A group of international scientists has just finished collecting samples from the crater formed by the asteroid that is widely blamed for the extinction of the dinosaurs. The project, they believe, could help explain how life on earth recovered after the shock and, perhaps, even the origin of life itself.
The group collected the samples over two months from a small platform off the coast of southern Mexico, where the asteroid hit about 66 million years ago.
"There's a lot of interest in knowing what happened," said Dr. Jaime Fucugauchi, the Mexican scientific coordinator of the mission. "This marked one of the most critical events for Earth's evolution."
Fucugauchi added that the team is particularly interested in exploring how life recovered in the impact area, known as the Chicxulub crater, which was first identified in 1980.
Scientists believe that it all might have happened inside the crater's peak-ring. Peak rings are particular topographic structures formed after major impacts into rock. They are common on Mars and on the Moon, but Chicxulub is the only place they are known to be well preserved on Earth.
The hypothesis goes that highly porous peak-rings could turn into a hotbed for life when they are filled with heated water.
"Peak-rings could be ideal places to search for life on other planets," said geophysicist Auriol Rae, who was responsible for taking a first look at the rock cylinders raised to the platform. "Understanding the only preserved peak-ring on Earth could be highly important."
Up until now, the 124 mile diameter Chicxulub crater has been most famous for the role it reputedly played in the story of how dinosaurs disappeared from the world. The theory goes that the debris sent shooting upwards when the crater was formed combined with gasses being spewed out by erupting volcanos. This created a cloud that blocked out sunlight for a long time and, it appears, triggered the terminal decline of three quarters of the species on Earth.

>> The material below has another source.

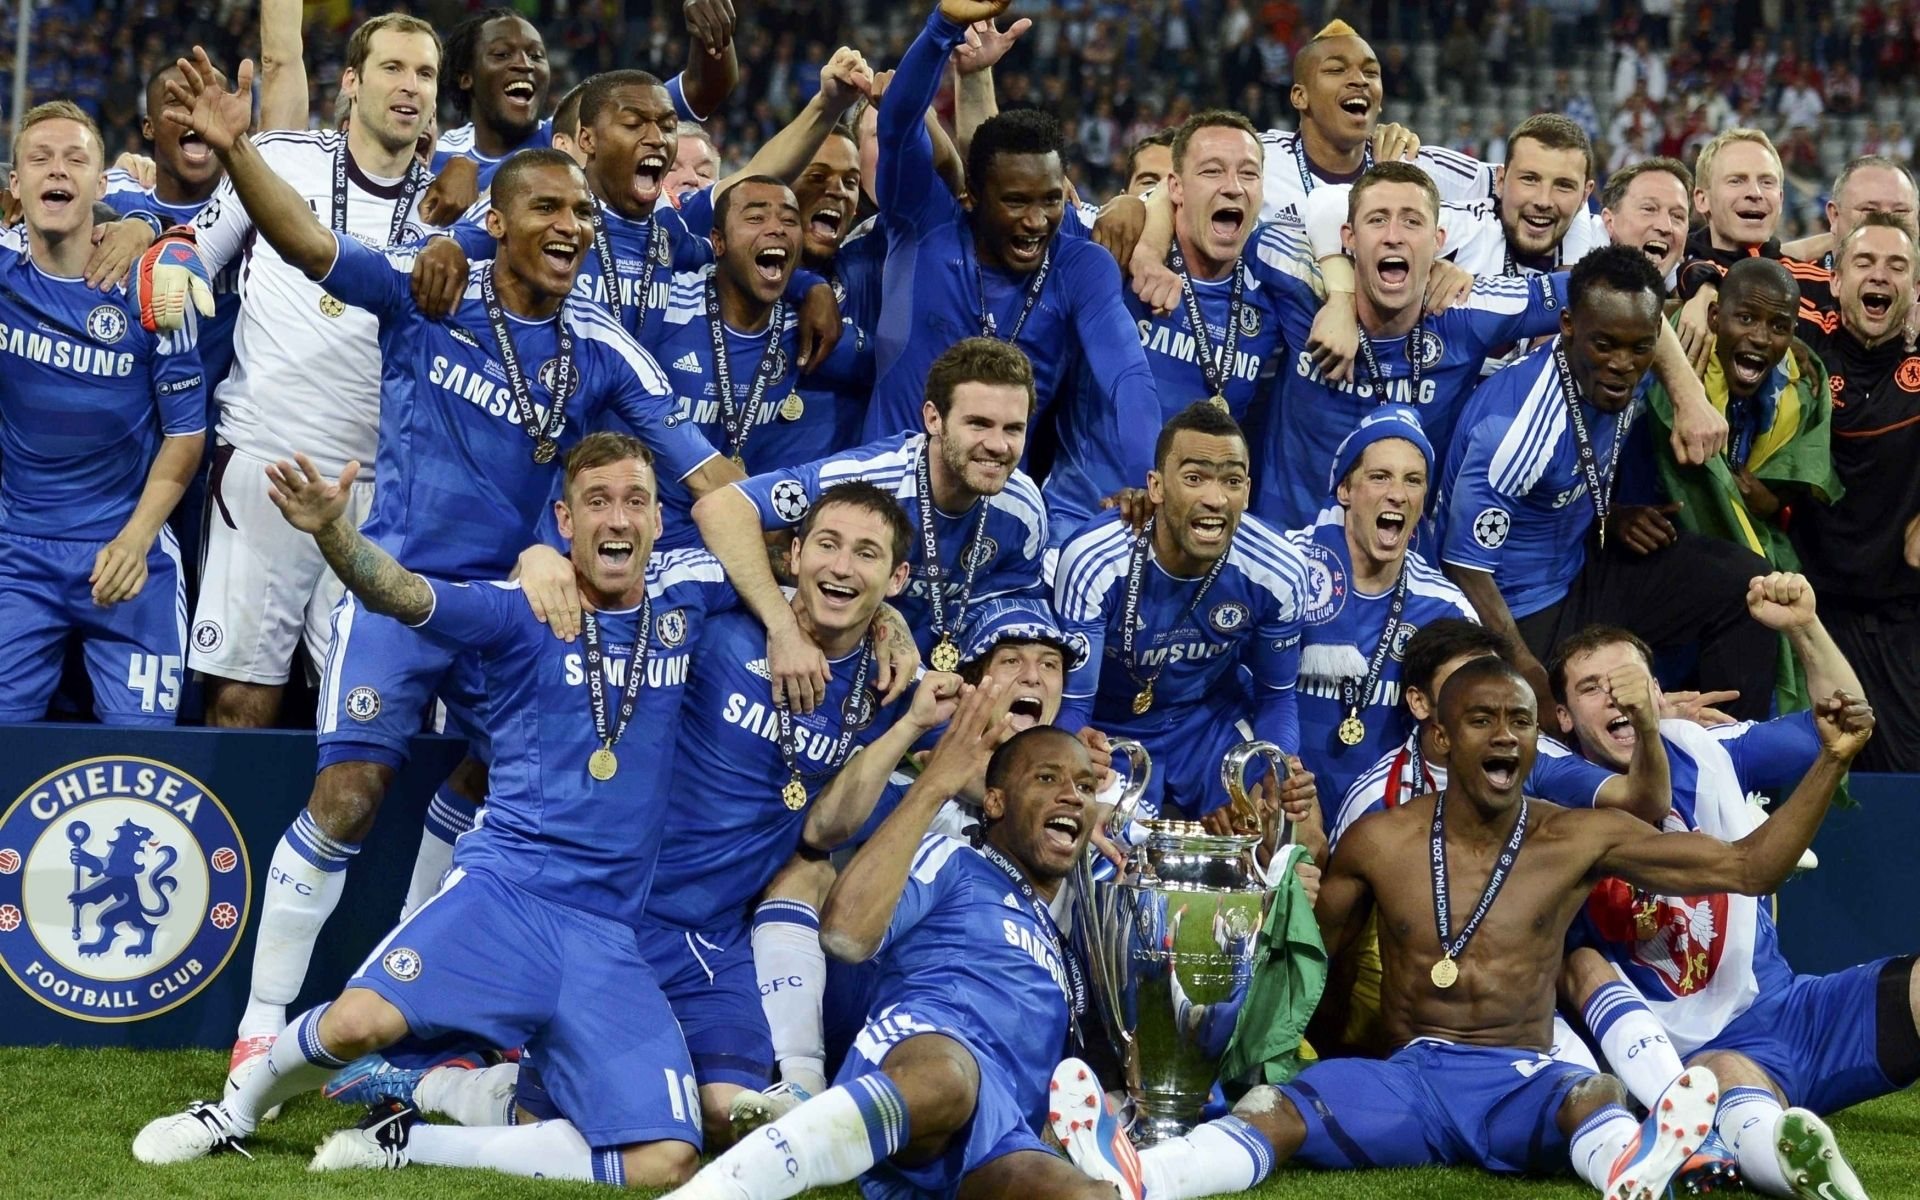 Chelsea FC won Champions League 2012
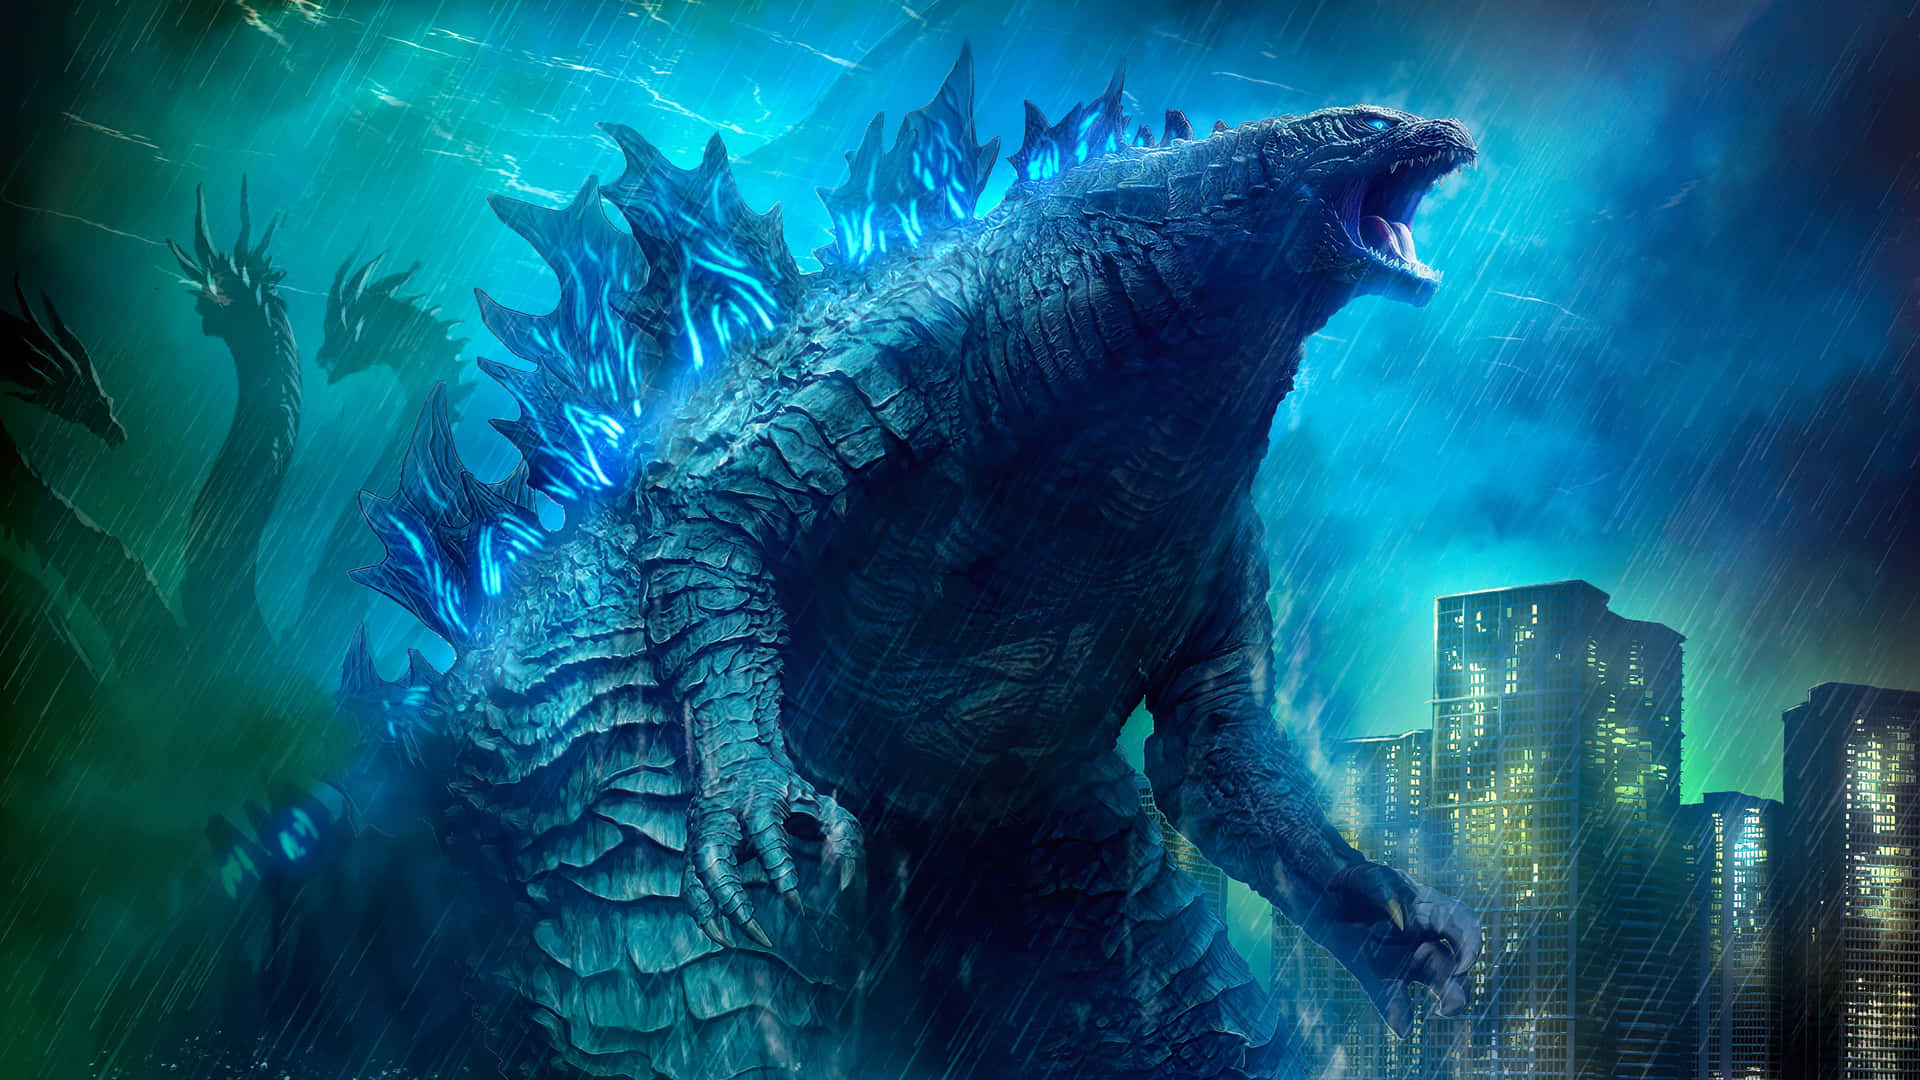 Godzillain Der Bucht Von Tokyo

As well as grand theories about how life regenerated, some members of the team are also hoping that the samples will increase their knowledge about the way peak-rings are formed.
Rae, who is an impact petrologist, said that current understanding likens the formation of these structures to a water splash seen in slow motion so that the place of impact can be witnessed first rising and then collapsing outwards. But, he added, scientists are struggling to answer the question of how rocks could behave in this way.
Drilling began in early April with a goal of perforating 5,000 feet below the sea and into the Earth's crust during a two-month period. Funds ended one week before planned and the team had to stop drilling at 4,380 feet. The team has now sent the samples to Texas for scanning and processing into 3D models. They are due to begin full-scale physical analysis of the bits of rock this September in Bremen, Germany.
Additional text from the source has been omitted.